No large independent patient review pool was identified on Trustpilot, Google, or consumer health platforms for GoodGirl Rx at the time of writing, which limits independent assessment of real-world pricing, shipping reliability, and clinical support quality.
Reviews from Trustpilot and Google
No substantial independent Trustpilot or Google review pool was found for GoodGirl Rx. The platform launched in March 2025 and is relatively new — which combined with a primarily celebrity-influencer-driven marketing channel, means the majority of available testimonials are curated on-site rather than independently verified.
The FDA warning letter, issued less than a year after launch, is the most significant independently verifiable event in GoodGirl Rx’s public record to date. The platform’s response — updating disclaimers and adjusting marketing language — suggests compliance intent, but patients evaluating the platform should consider this regulatory history when making their decision.

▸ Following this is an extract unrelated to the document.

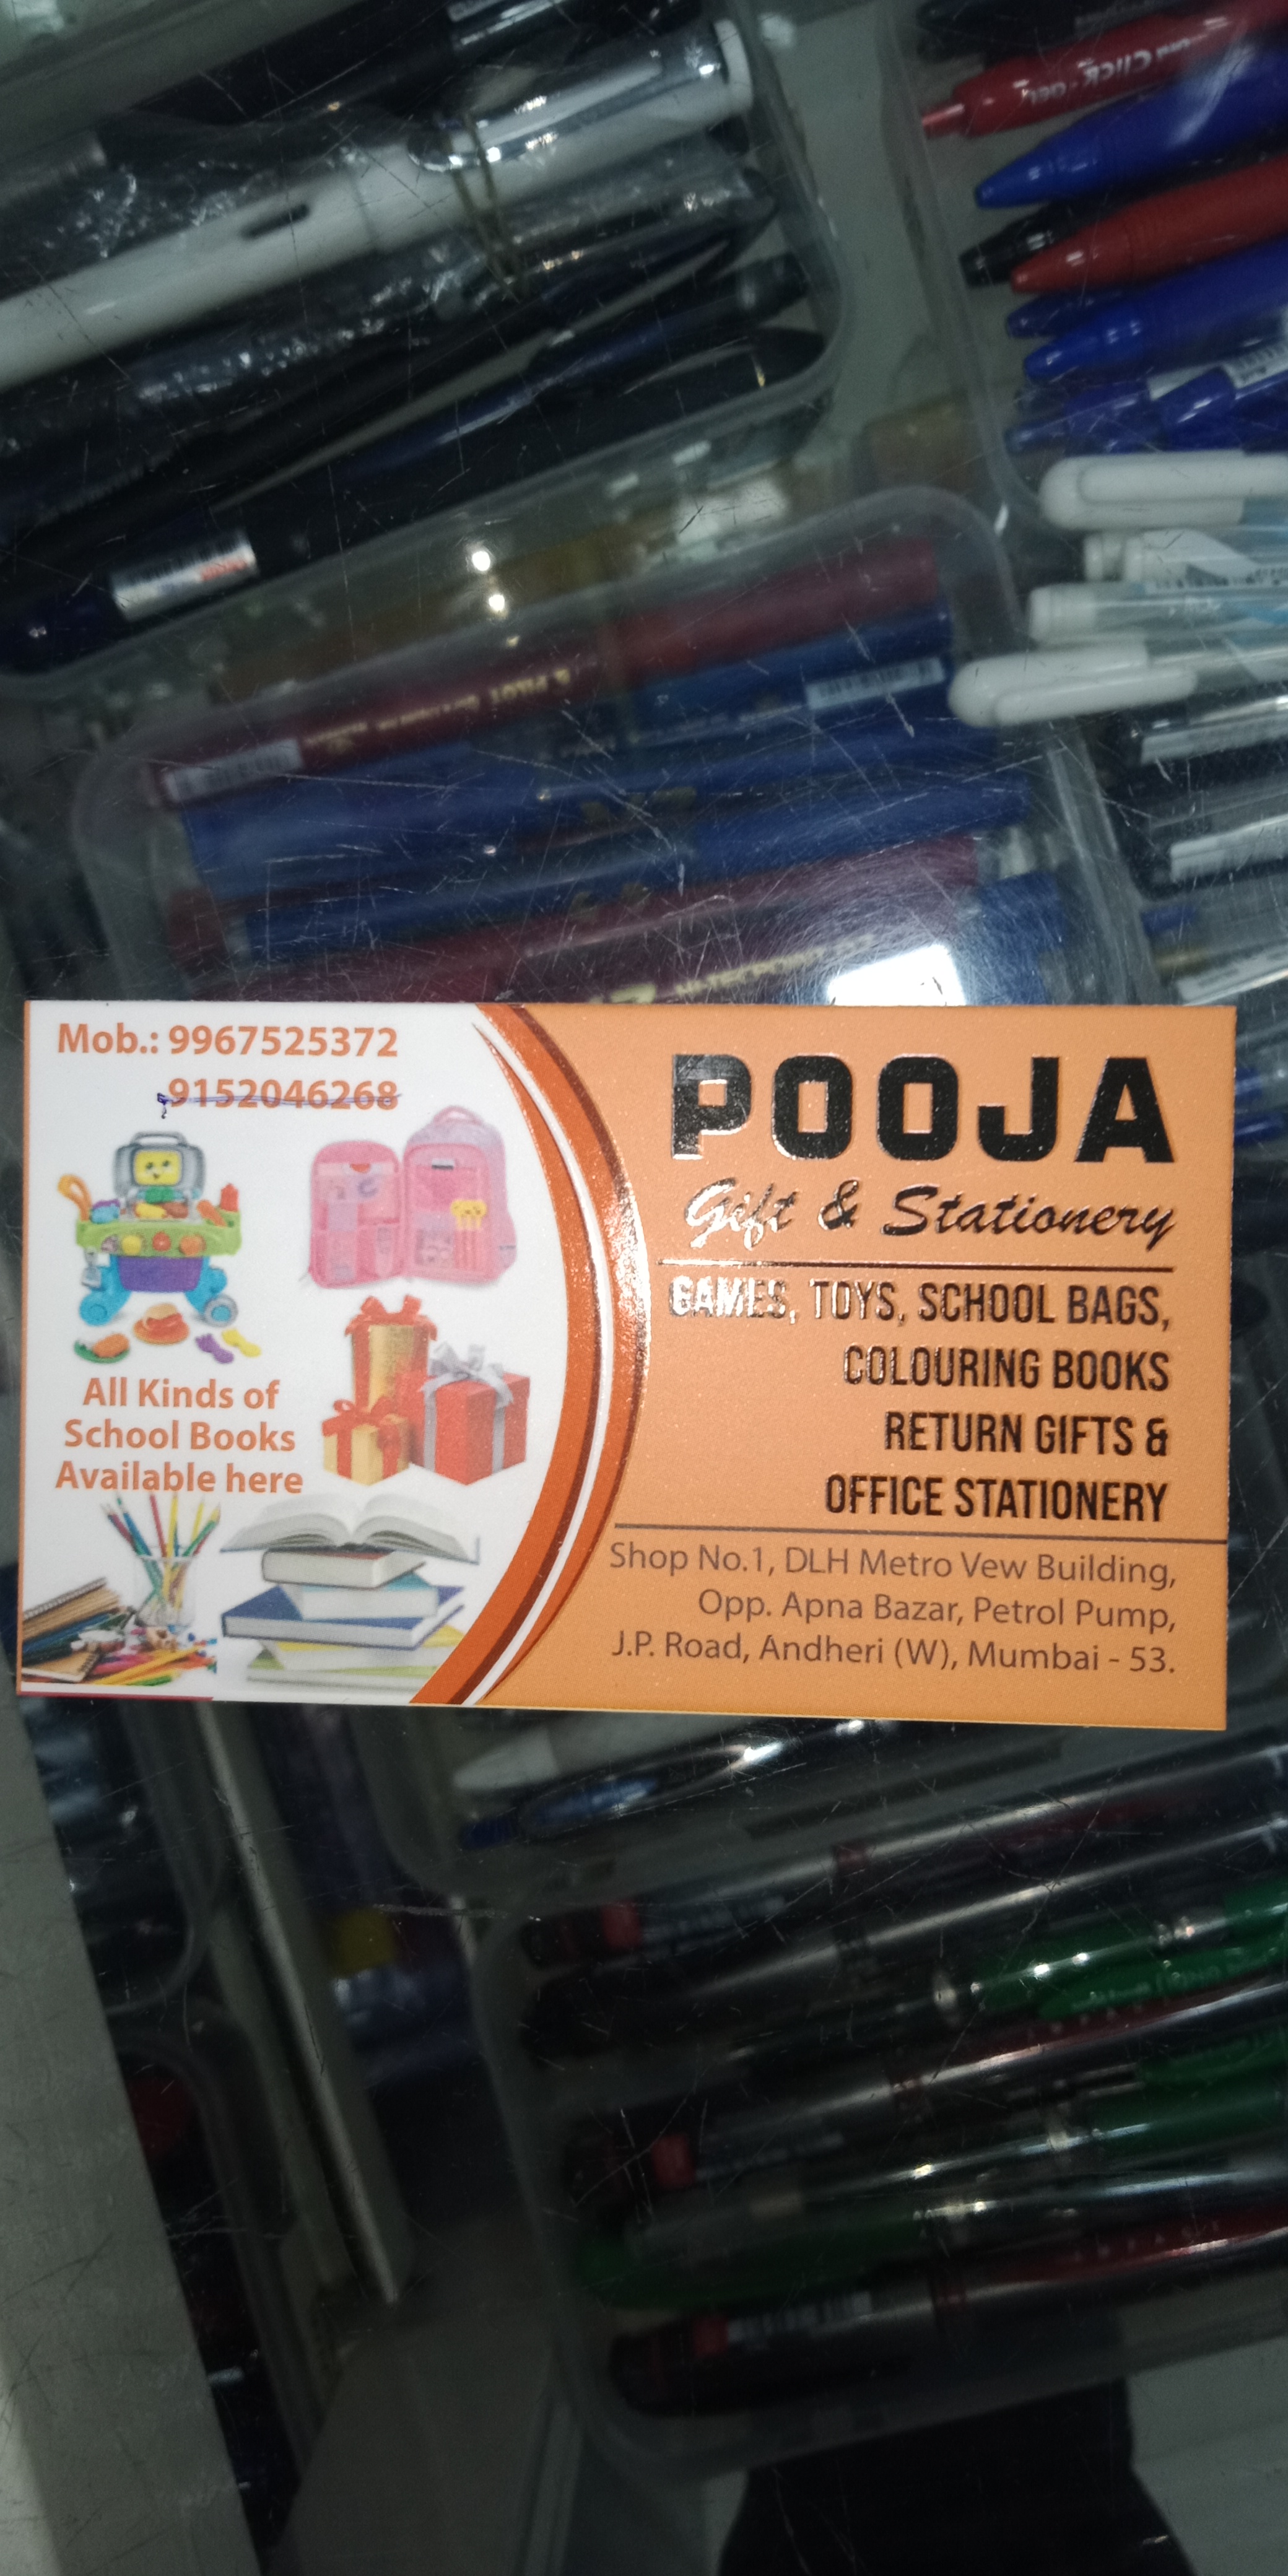 Pooja Gift & Stationery
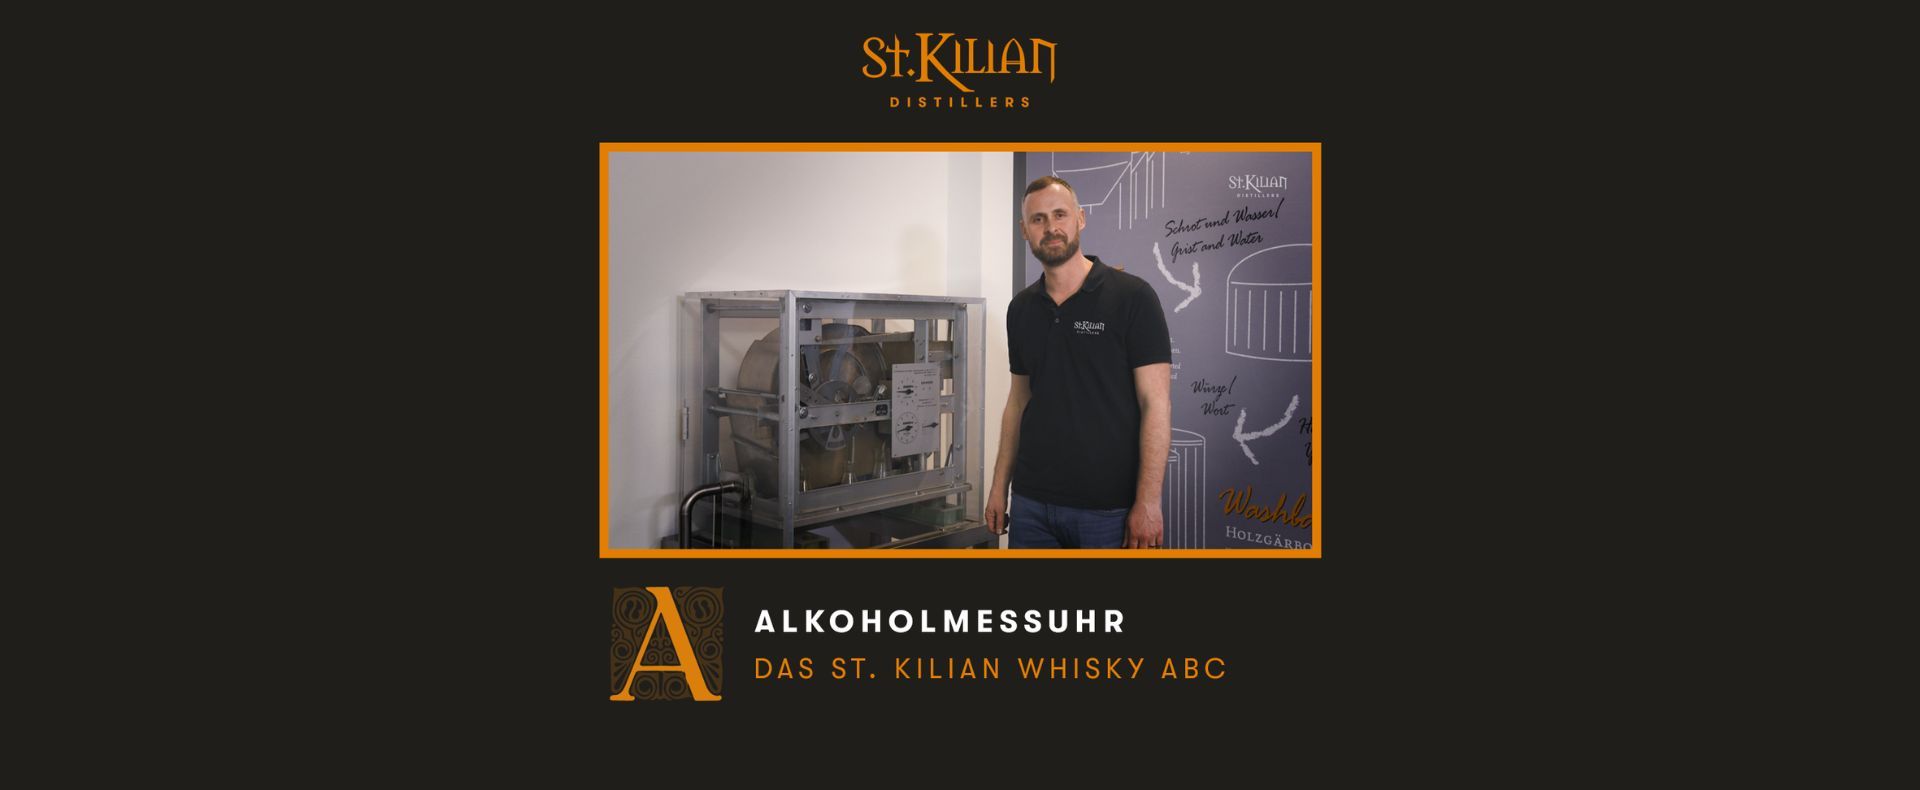 Whisky ABC - A wie Alkoholmessuhr

Compounding Pharmacies Used
Medications are compounded and dispensed by licensed 503A or 503B pharmacy partners. GoodGirl Rx is not the manufacturer or compounder of these products. Specific pharmacy partner names are not disclosed publicly. The mention of both 503A and 503B sourcing is notable — 503B facilities are FDA-registered and held to cGMP manufacturing standards, while 503A pharmacies operate under state pharmacy board regulation. Patients should ask which type of facility will fulfill their specific prescription.
Note: GoodGirl Rx received an FDA warning letter on February 20, 2026 for false and misleading claims about its compounded semaglutide and tirzepatide products, including the use of phrases suggesting FDA approval that do not apply to compounded drugs. The company updated its website in response. No fines or disciplinary actions were issued. The platform is relatively new (launched March 2025) with limited independent patient reviews. Pricing is not disclosed upfront — request a full cost breakdown before enrolling. Compounded medications are not FDA-approved. Always consult a licensed medical provider before beginning any GLP-1 program.